Marabaixo é tradicional manifestação cultural do Amapá
Foto: Max Renê/GEA
São R$ 2,5 milhões de investimentos, fruto de recursos do Tesouro Estadual e de emenda destinada pelo senador Randolfe Rodrigues, gerando impactos na economia por meio da cultura e do turismo. Acompanhado por festeiros coordenadores e membros dos grupos culturais, o lançamento ocorreu no Barracão do Mestre Pavão, bairro Laguinho, marcando a chegada da festa que consolida as rodas de Marabaixo.
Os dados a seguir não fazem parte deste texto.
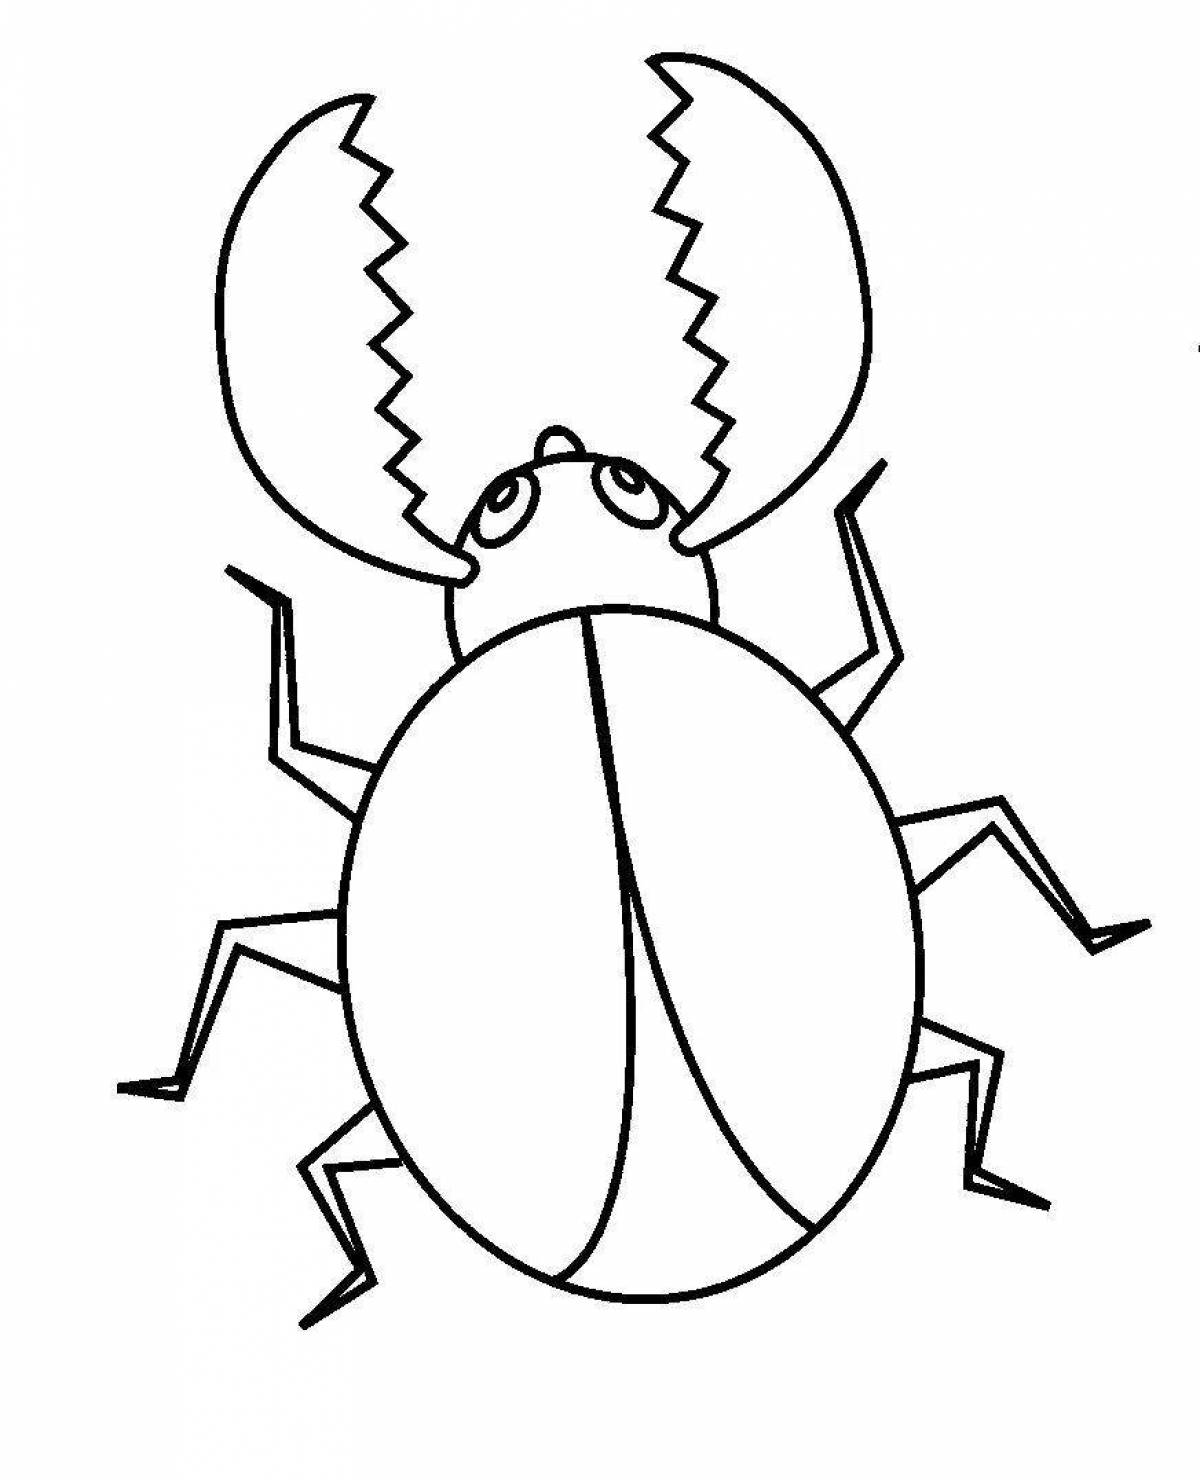 Fun beetle coloring pages

“Nosso compromisso é com o Marabaixo, com a cultura do Amapá. O senador é um apaixonado pela nossa cultura e pela nossa história. Do que depender de nós, o Governo e a cultura do Amapá podem contar conosco para as parcerias que fortaleçam a nossa ancestralidade. A cultura salva vidas, fortalece a economia e registra a história”, citou Maykon Magalhães, representante do senador Randolfe Rodrigues.
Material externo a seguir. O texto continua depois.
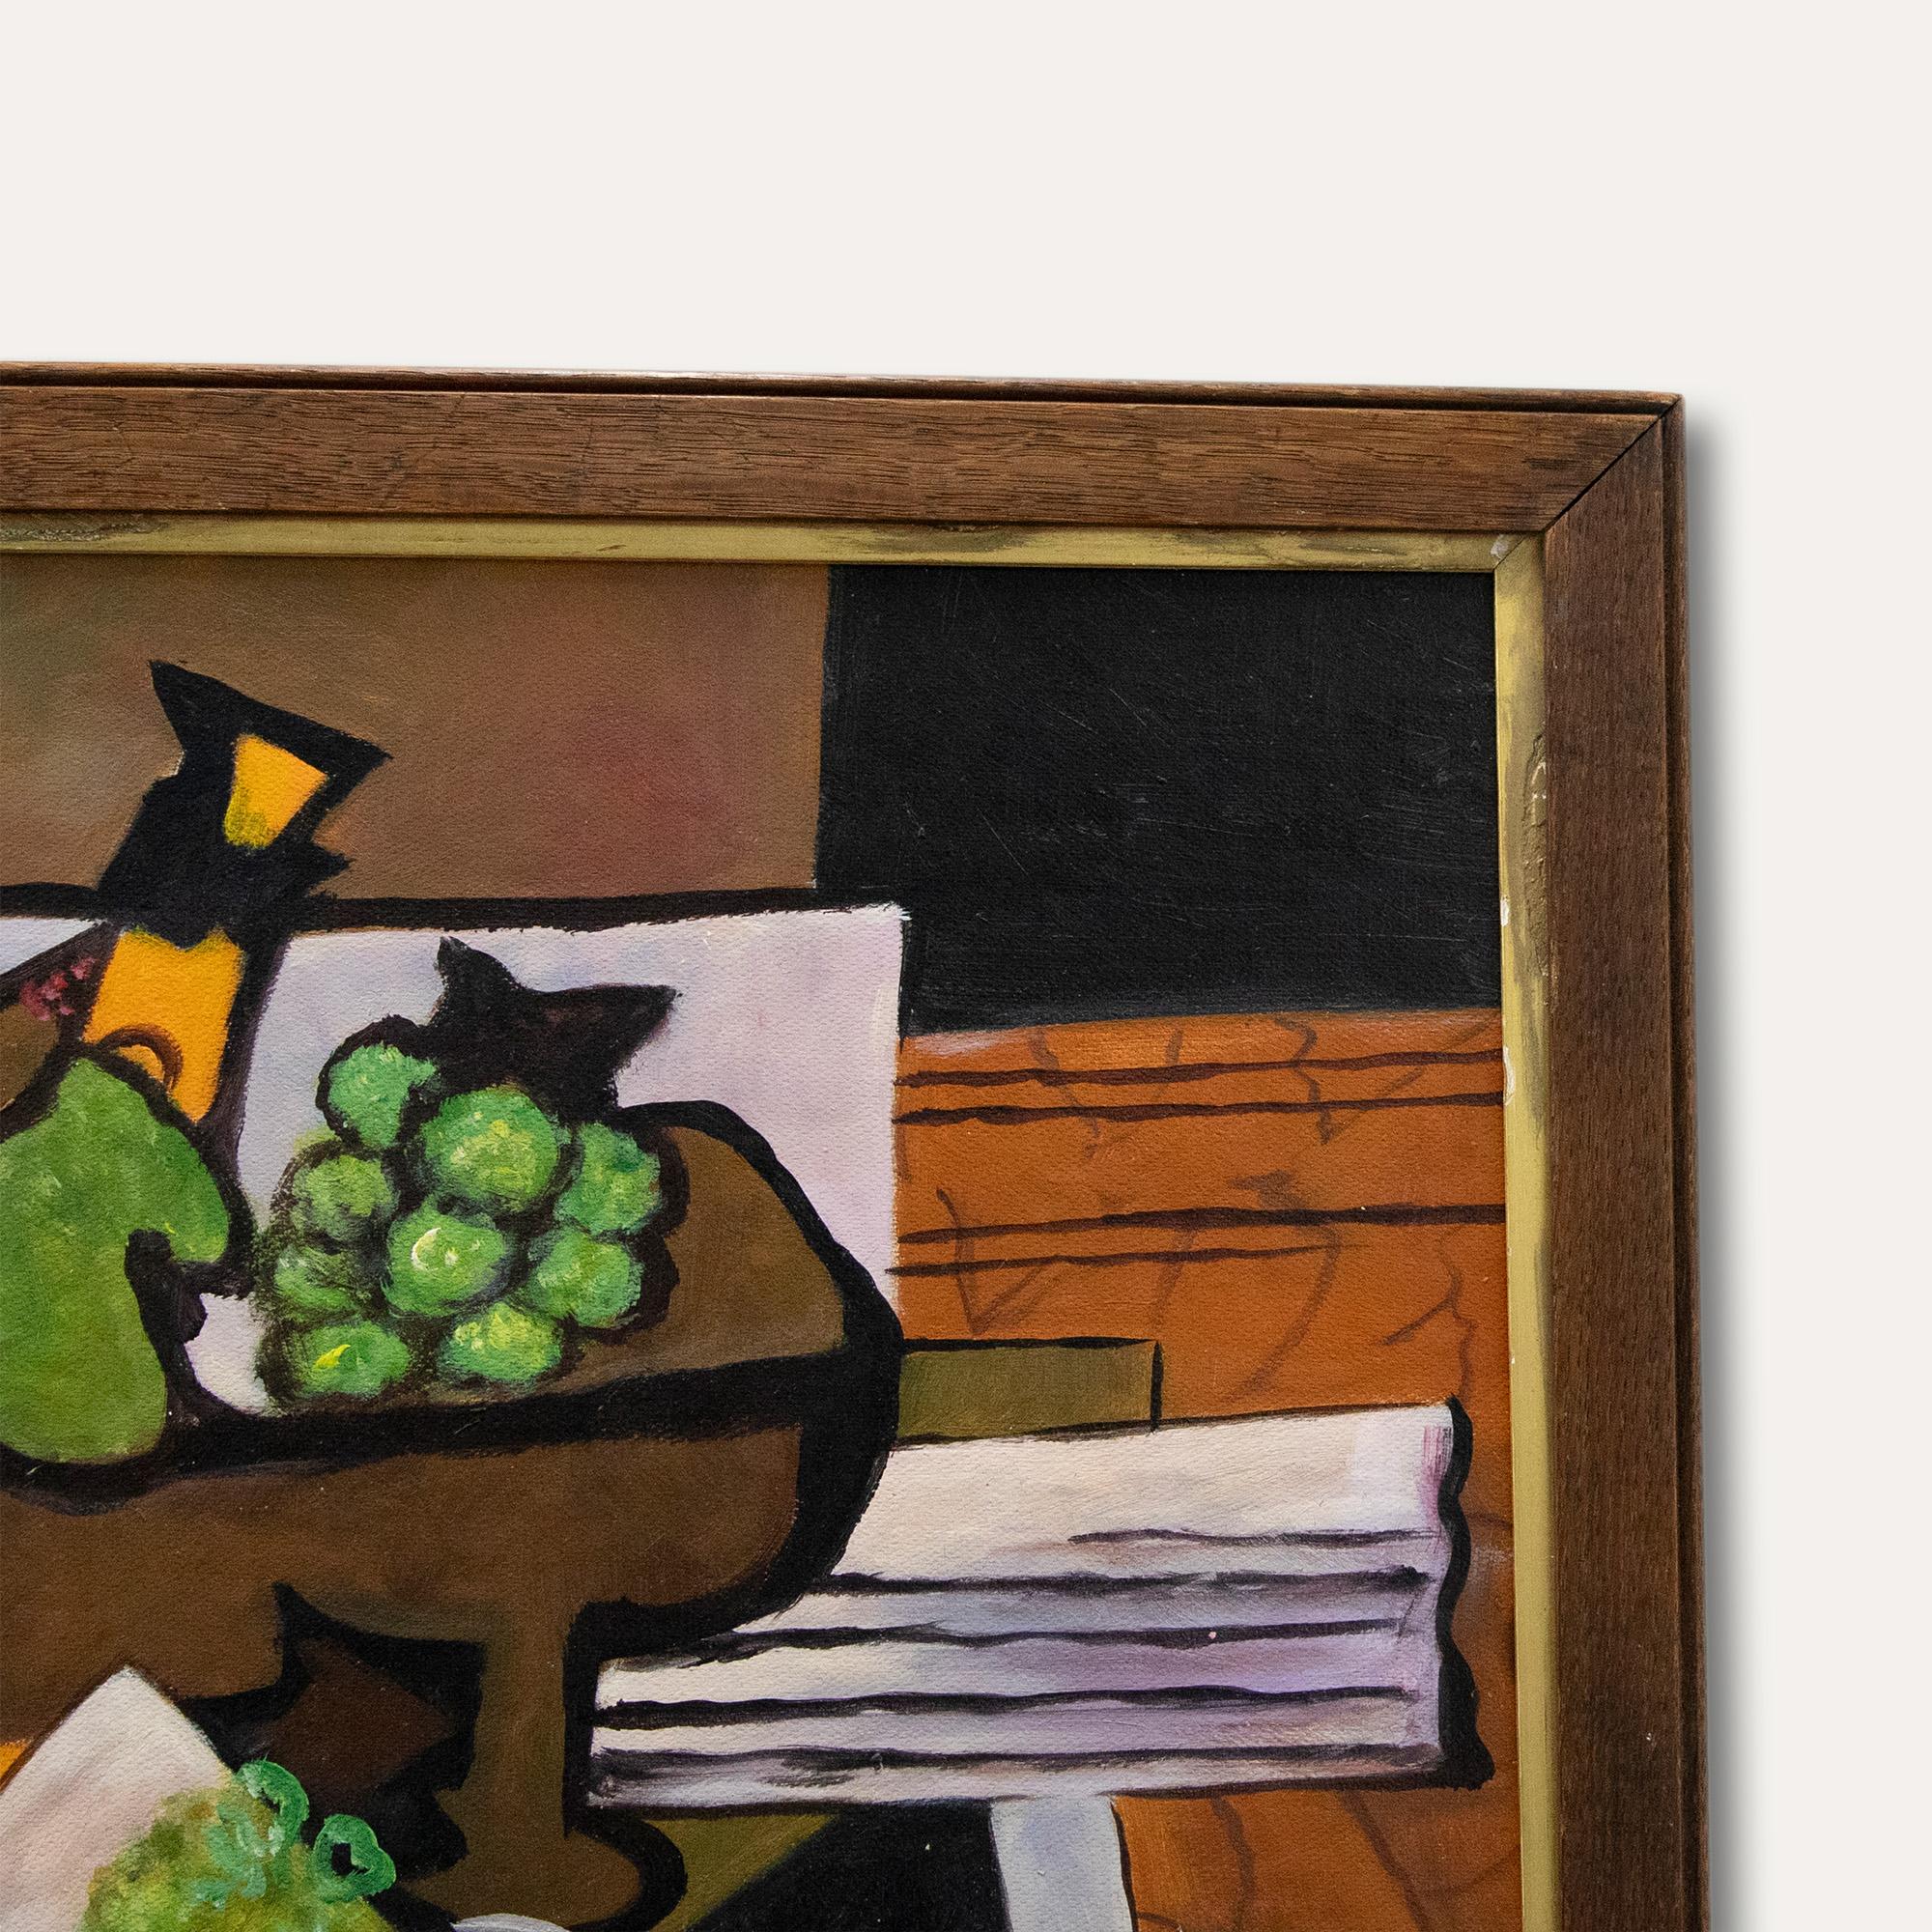 A delightful study of Georges Braque's 1927 study Still Life with Clarinet. This striking abstract piece captures still life objects in vibrant colours and bold forms. Unsigned. Presented in a wooden frame with a gilt slip. On board.

Ciclo do Marabaixo 2025 inicia no dia 19 de abril e terá programação em 7 barracões de Macapá
Foto: Max Renê/GEA
O Ciclo do Marabaixo 2025 inicia no "Sábado de Aleluia", em 19 de abril, e segue até o “Domingo do Senhor”, em 22 de junho, nos barracões Associação Raimundo Ladislau, Associação Zeca e Bibi Costa, Santíssima Trindade da Casa Grande, União Folclórica de Campina Grande, Berço do Marabaixo, Marabaixo do Pavão e Raízes da Favela Dica Congó.
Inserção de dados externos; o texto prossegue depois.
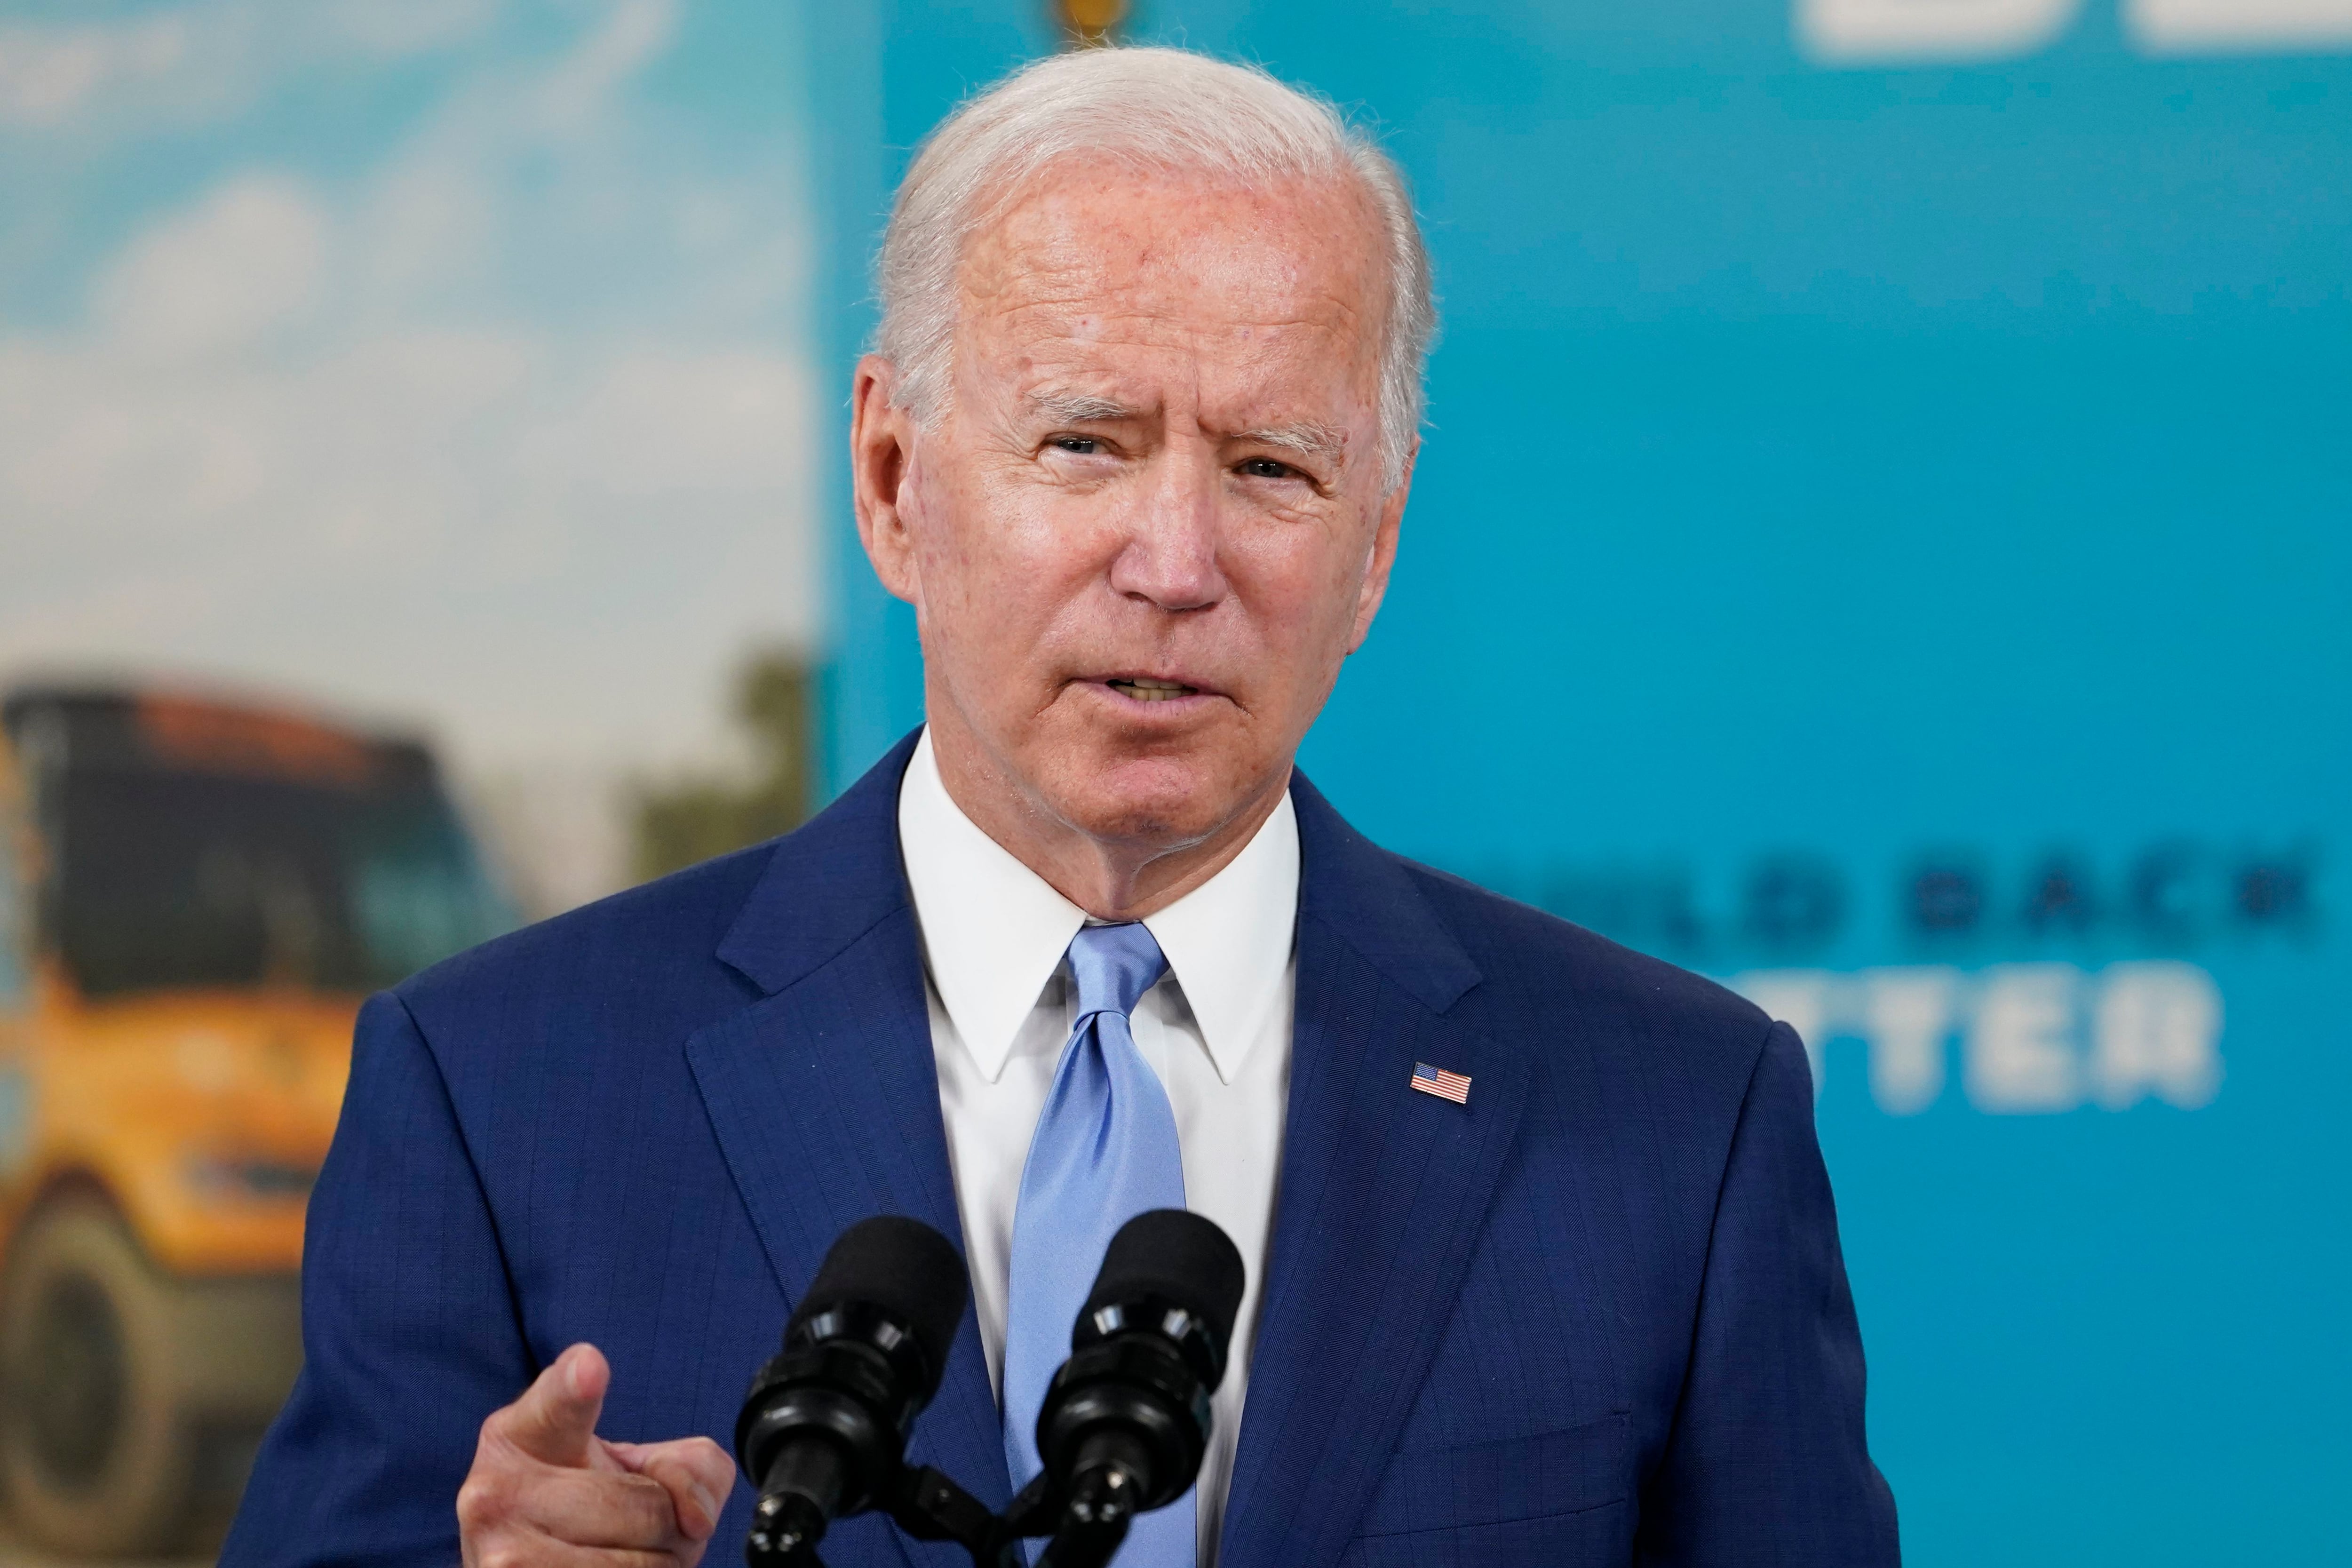 Biden attends nephew’s wedding to ex-‘Real Housewives’ star

“Estamos colhendo frutos de uma luta antiga. O reconhecimento é fundamental. Esse apoio do Governo nos ajuda a realizar a festa, gera empregos e movimenta a economia”, disse Gerson Ramos, festeiro do Marabaixo do Pavão.

Gerson Ramos, festeiro do Marabaixo do Pavão
Foto: Max Renê/GEA
Marabaixo em todo lugar
Pelo terceiro ano consecutivo, também é aberta a Central do Ciclo do Marabaixo, espaço montado no Centro de Cultura Negra, no Laguinho. Na sexta-feira, 11, e no sábado, 12, o local será uma vitrine do que os grupos realizam nos barracões durante o Ciclo. No segundo dia, o evento conta com shows de Verônica dos Tambores (AP) e, em seguida, de Dona Onete (PA).
A programação é organizada pelo governo por meio da Secretaria de Estado da Cultura (Secult) e da Fundação Estadual de Políticas de Promoção da Igualdade Racial (Fundação Marabaixo).
O Ciclo do Marabaixo vai contar este ano com dois eventos esportivos, uma corrida e um passeio ciclístico; a 1ª edição do projeto “Marabaixando entre Versos e Ladrões pelas plataformas digitais”; o projeto “Marabaixando pelo Amapá Inteiro”; o lançamento de uma revista de 2 mil exemplares, de um documentário através do projeto “Pretas do Marabaixo", e ainda de um edital de credenciamento das festas tradicionais de marabaixo.